General Discussion
In reply to the discussion: Wow... George Orwell Would Be Proud... The "Free Flow" Of Information Act... [View all]JDPriestly
(57,936 posts)Abridge means limit among other things.
So if the shield laws protect the freedom of the press, they are constitutional. If not, they are not. It's quite simple really.
If my 10-year-old wants to get her friends together in the summer and create a neighborhood newspaper in which they write the truth about what is going on, they enjoy freedom of the press.
If I write on the internet about some scandal in town that I know about, I am exercising free speech and freedom of the press. We should all be free to obtain information about almost anything. And the almost should be narrowly defined so as to promote freedom, not censorship.
In the days of Wilhelm Reich (at worst, kind of a crazy guy -- http://en.wikipedia.org/wiki/Wilhelm_Reich), back in the days when Lady Chatterley's lover could not be published because it was considered to be pornography (under Controversy http://en.wikipedia.org/wiki/Lady_Chatterley%27s_Lover), the freedom of speech was narrowly defined. We grew up in this country. We realized that we could not censor speech in that way.
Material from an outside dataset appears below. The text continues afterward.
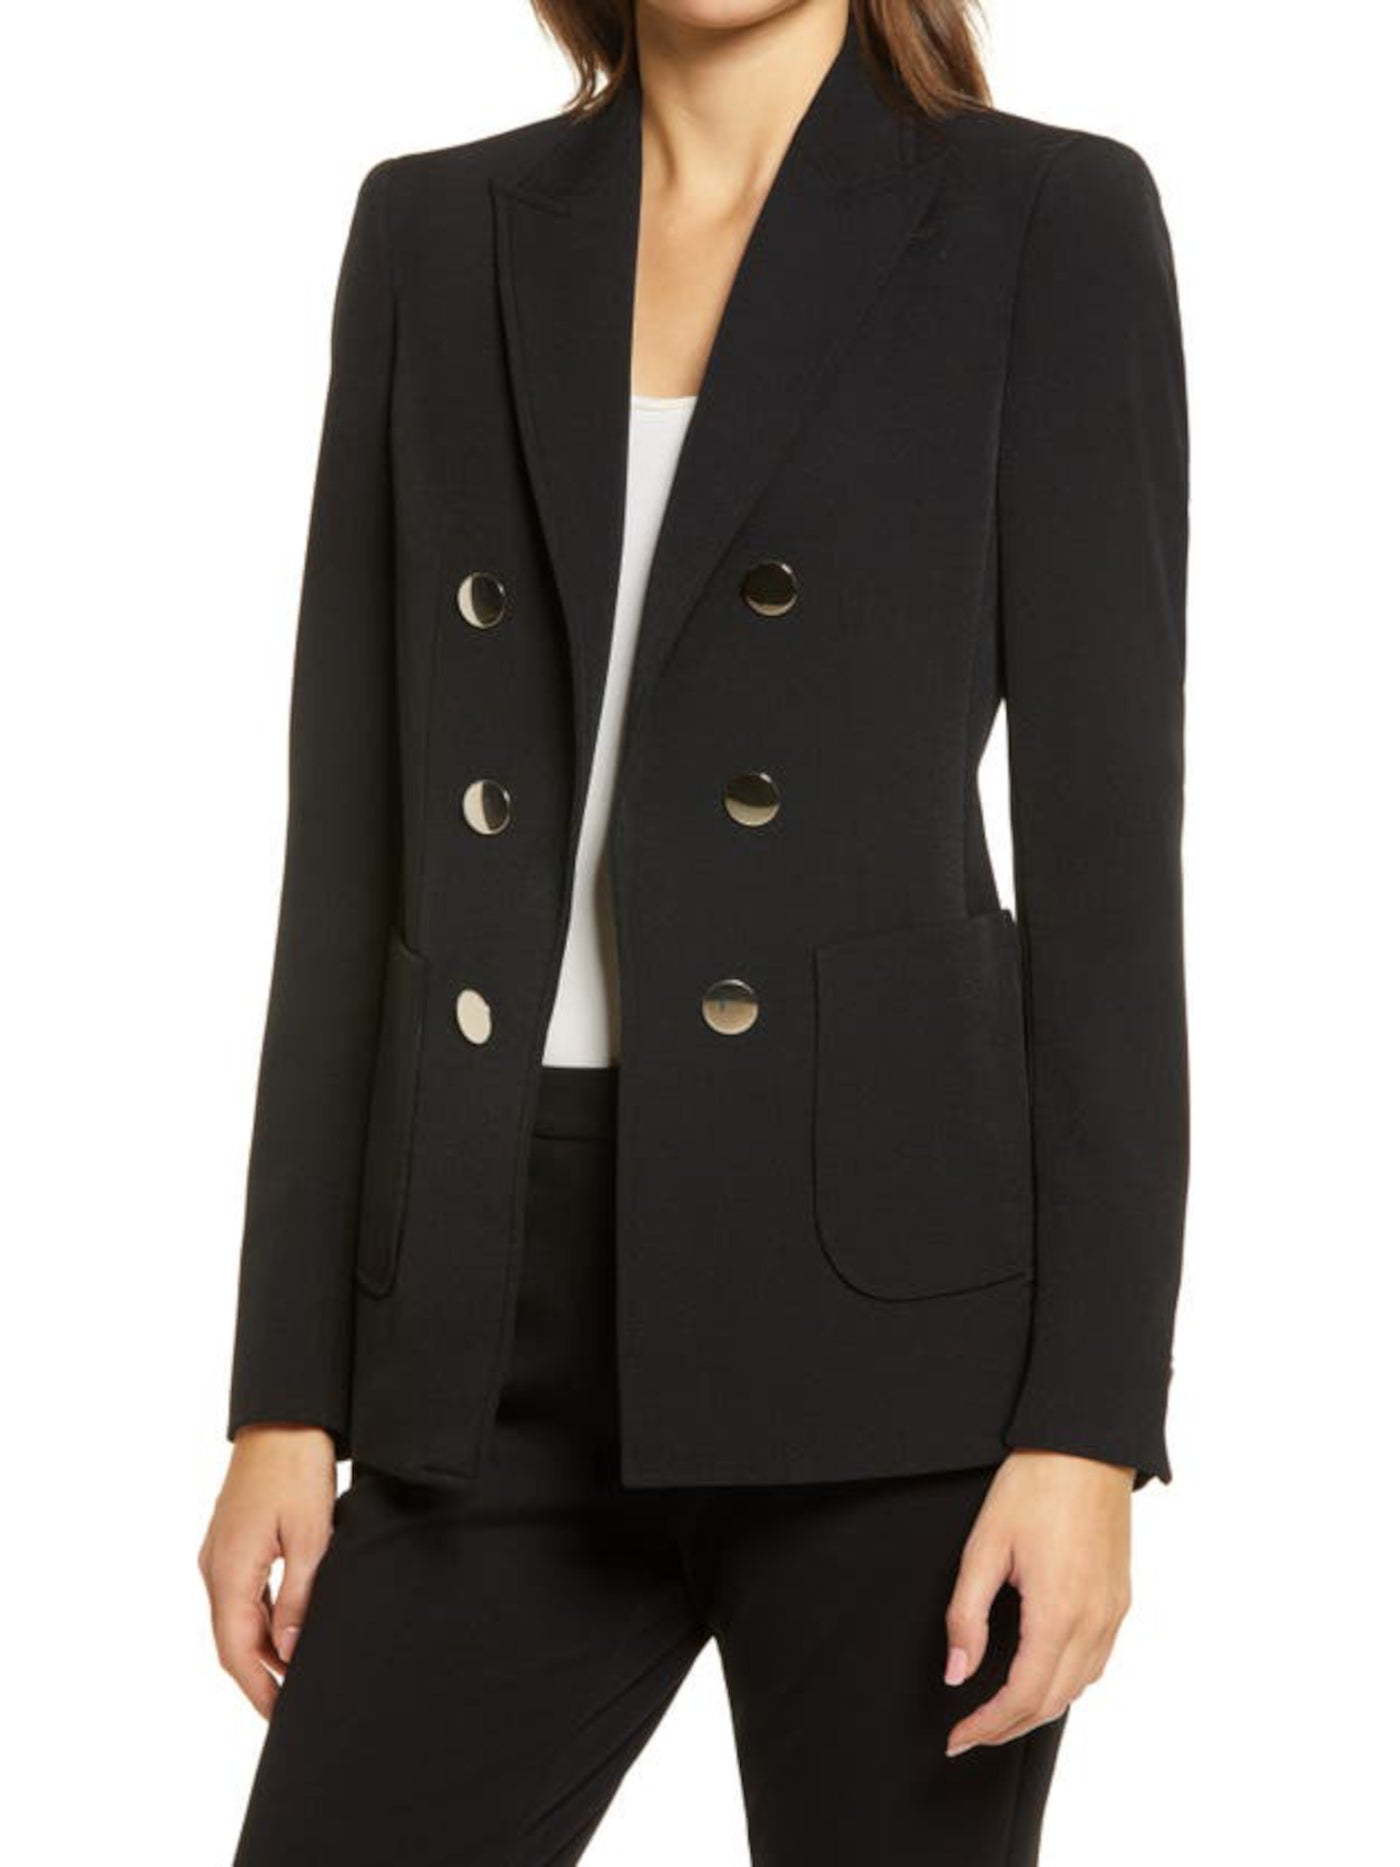 ANNE KLEIN Womens Black Open Front Pocketed Faux Double Breasted Wear To Work Jacket 0

At this time, the Congress and the executive and national security parts of our government want to use the secrecy laws to silence criticism of our government and its overbearing policies around the world. We are not allowed to know about the NSA surveillance and collection of our metadata because it is reminiscent if not the expression of a police state, far worse than even the police states of Stalin or of East Germany. Far more intrusive, far more inclusive of information about so many Americans.
The First Amendment in its many protections was written and adopted precisely in order to prevent a US government from censoring us and attempting to control us politically in the very ways that our government now is doing it.
The interpretation of the First Amendment depends of course on the Supreme Court doing the interpreting. I do not expect much of our current bunch on that Court, but I hope that in the future we will get some less rigid ideologues who will be able to see what is going on, how we are facing a power grab more aggressive than any we have yet seen in the US.
I think that the internet will be instrumental in awakening Americans to the loss of their political liberty. And of course, that is why the NSA has the internet under surveillance.
My political views are not all that radical, but I do understand the risks to the First Amendment because of my life experiences and my academic work. It is the bulwark of our personal freedom. We cannot allow it to be narrowed to meaningless.